American music manager

Adam Kluger is an American music manager, and the founder and CEO of the Kluger Agency, an agency that arranges product placements in music videos and on musical recordings.

==Early life==
Kluger grew up in Tampa, Florida. Between 2004 and 2006 Kluger attended Santa Fe College in Gainesville, Florida and attended a certificate program in music business and production in Los Angeles, taking classes on topics including royalties and audio engineering. In 2008 he formed his own boutique advertising firm, focusing on product placement in music videos and song recordings called the Kluger Agency.

==Career==
Kluger's first client was Interscope Records, who hired Kluger to find placement for the artist Lady Gaga for one of her first music videos, before her album The Fame launched the artist's career. Kluger placed the brand Vixen's Visions at the tail end of the video "Beautiful, Dirty, Rich". His next placement was for the brand Drank in a series of hip hop videos. The success of his business plan caused some controversy among music industry observers. A Wired magazine blog, for example, criticized the concept of having artists paid for using brand names in their songs, writing that if an artist chooses to use product names in their songs they should not be compensated.

Kluger works out of his offices in Los Angeles. In addition to being CEO of his own company, he manages musical artists individually. While not all of Kluger's clients are known, it was reported that his clients have included Lady Gaga, Kesha, Britney Spears, and Jennifer Lopez, in addition to artists like Christina Aguilera, Beyoncé and Eminem.
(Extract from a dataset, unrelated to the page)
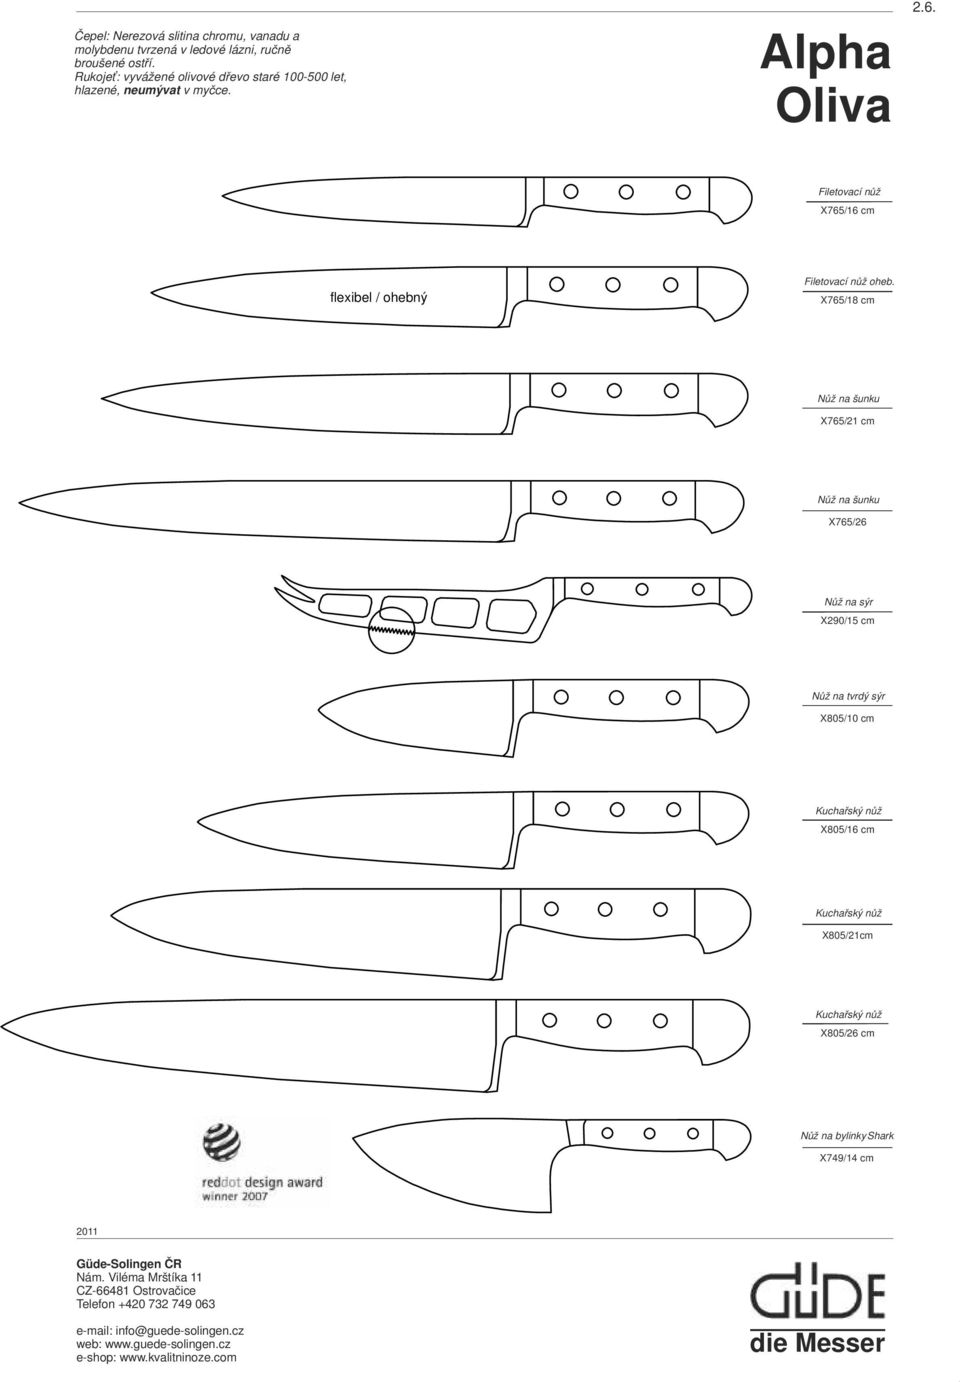 Filetovací nůž X765/16 cm flexibel / ohebný Filetovací nůž oheb.

Kluger is also responsible for discovering and managing controversial social media star Bhad Bhabie, who signed a multimillion-dollar recording contract with Atlantic Records in 2017. She currently holds the record as the youngest female rapper of all time to chart on the Billboard Hot 100, and has subsequently reached multi-platinum sales status. His work has been used as a case study in several books and articles on music marketing.

In 2012 Forbes named Kluger one of their 30 most influential people in the music industry under the age of 30, citing that he brought in more than five million dollars a year in net revenues. The magazine has also interviewed Kluger in response to current events pertaining to the music and entertainment industries, as has Us Weekly. He had previously been nominated for the Billboard 30 under 30 in the music industry in 2011.
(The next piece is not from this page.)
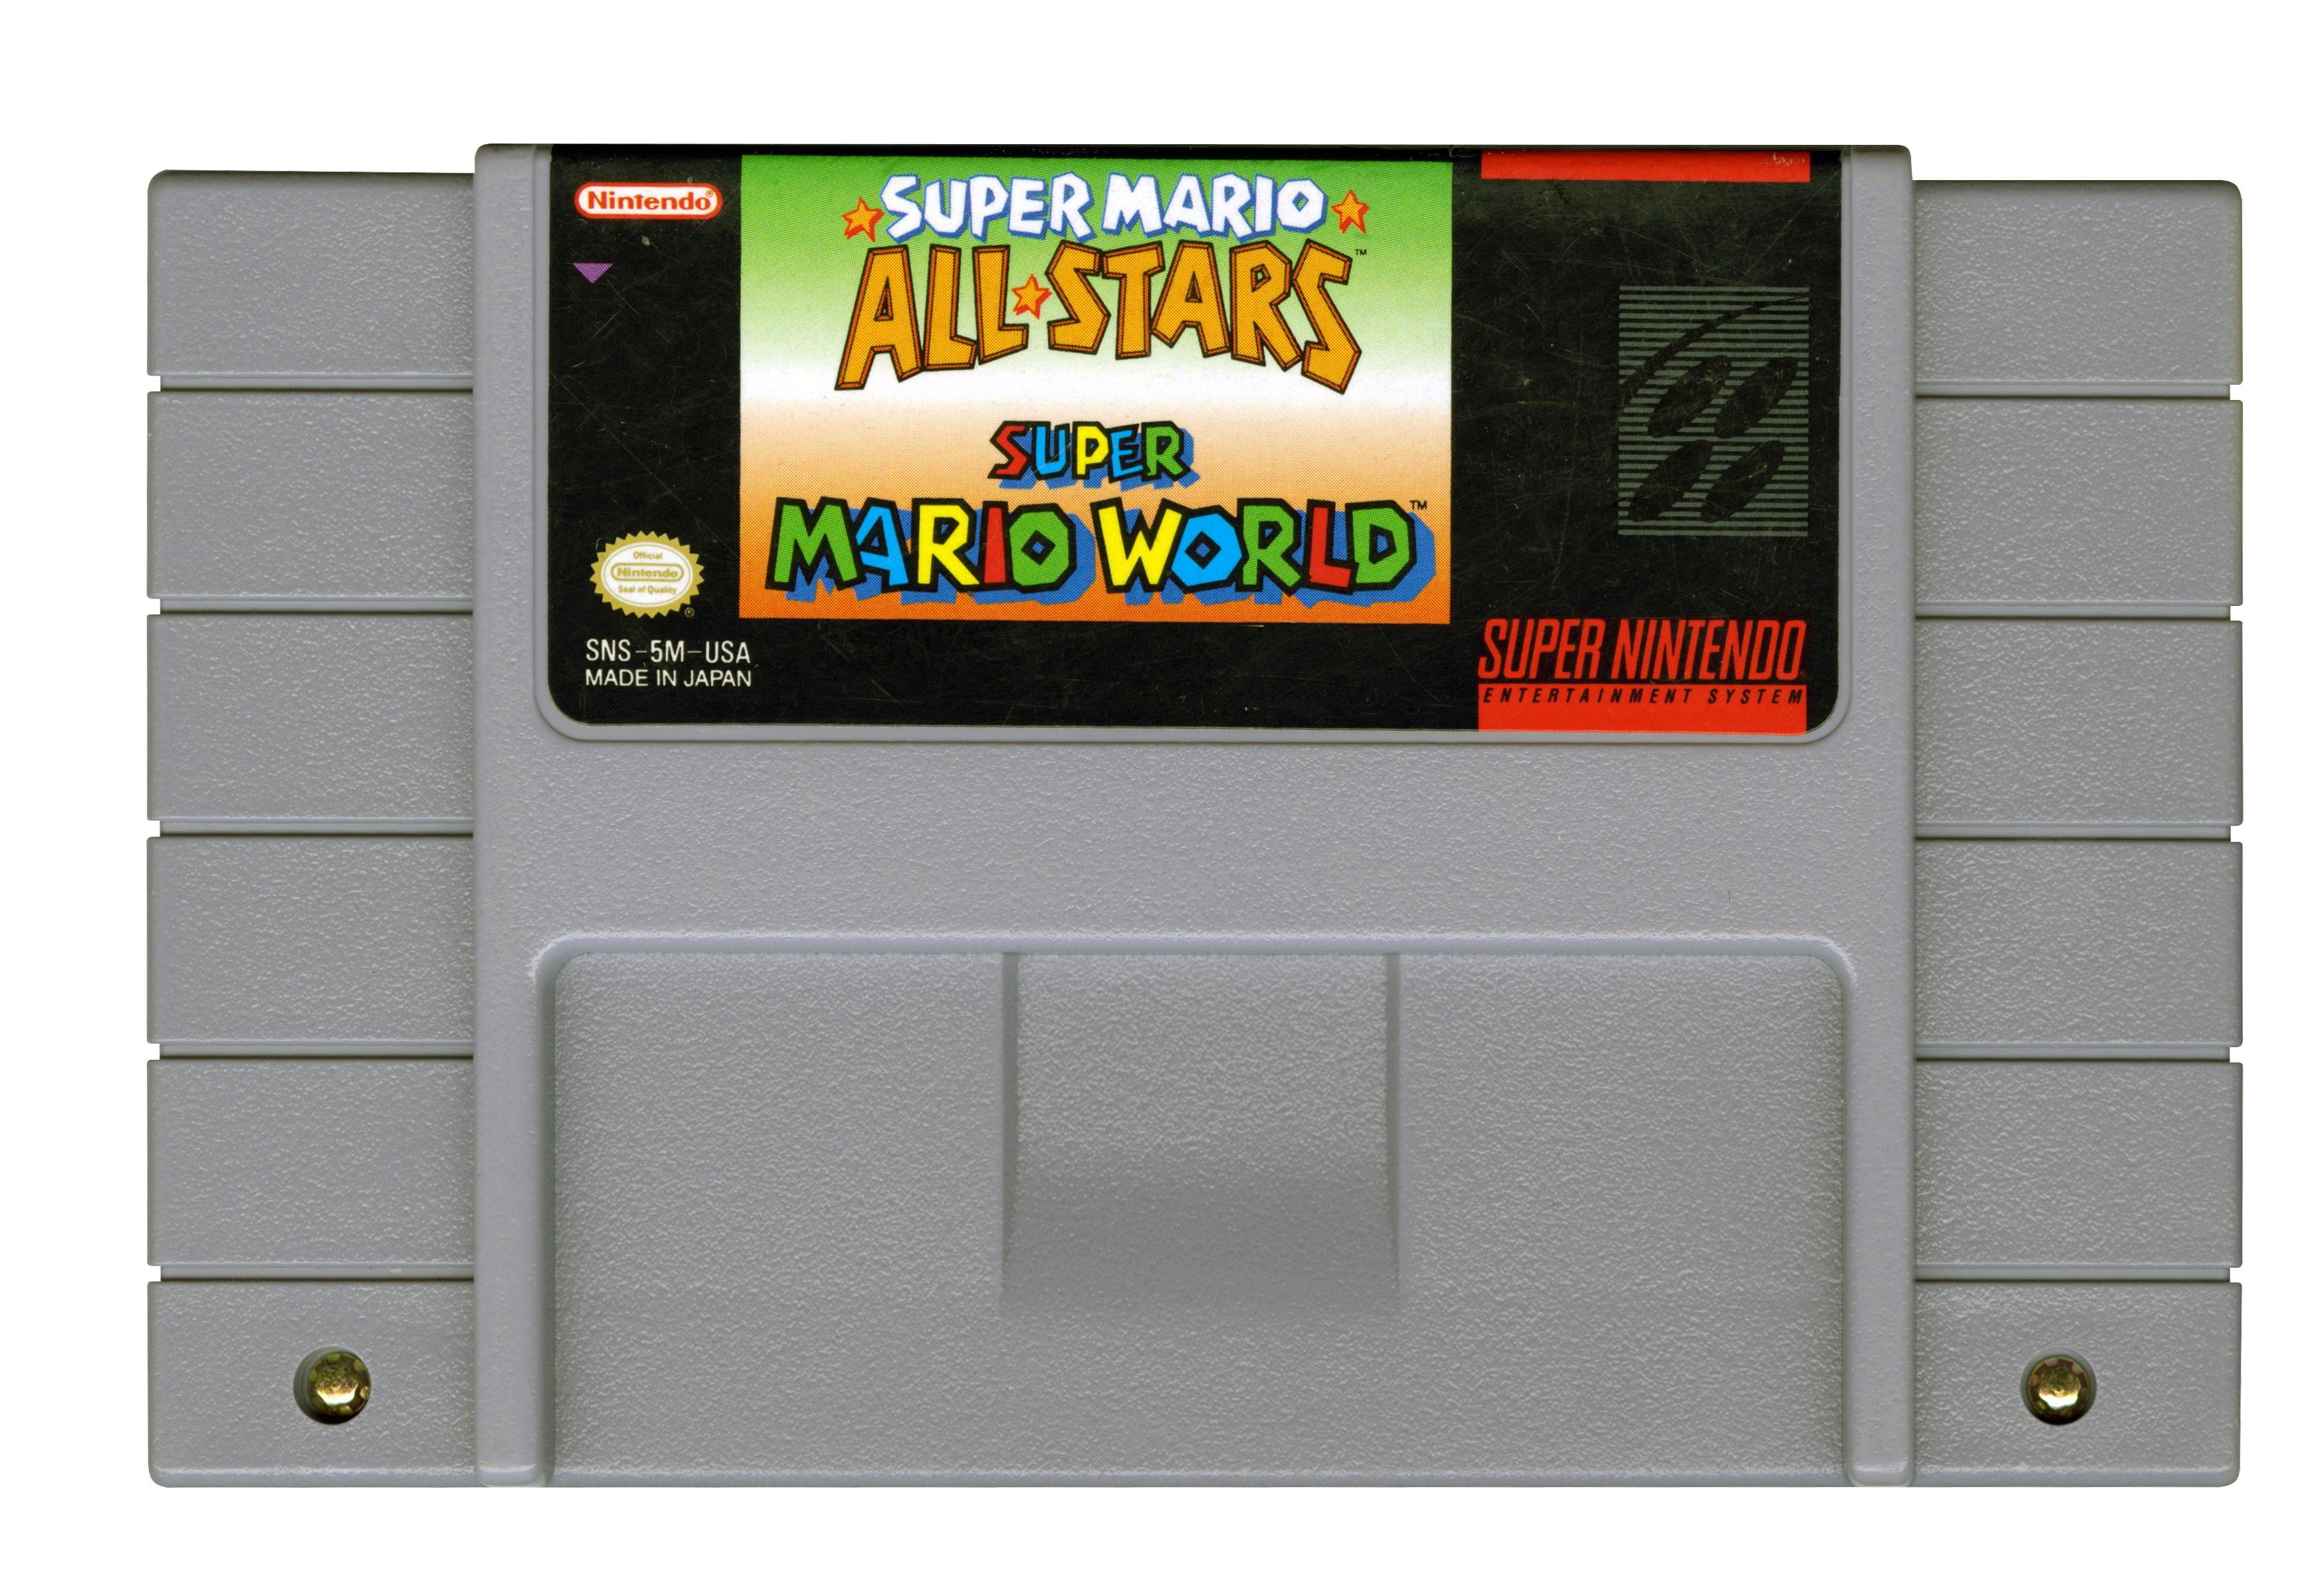 Moretón complicaciones entregar Super Mario All-Stars - SNES - with Super Mario World - Walmart.com

In 2019 Kluger launched Nontra Records, an independent record label and management company that manages several musical acts such as Lil Yachty and Bhad Bhabie. In 2021 Kluger launched Scoop Investments which together with his celebrity clients made its first investment of US$1 Million into Jewish dating app Lox Club. In 2021 Variety listed Kluger as one of the new leaders of Hollywood in its annual Hollywood New Leaders List

In 2025 Kluger launched Run Fast Racing, a celebrity horse racing venture along with partners Lil Wayne, Rauw Alejandro, and Lil Yachty. The company owns racehorses that compete in the USA.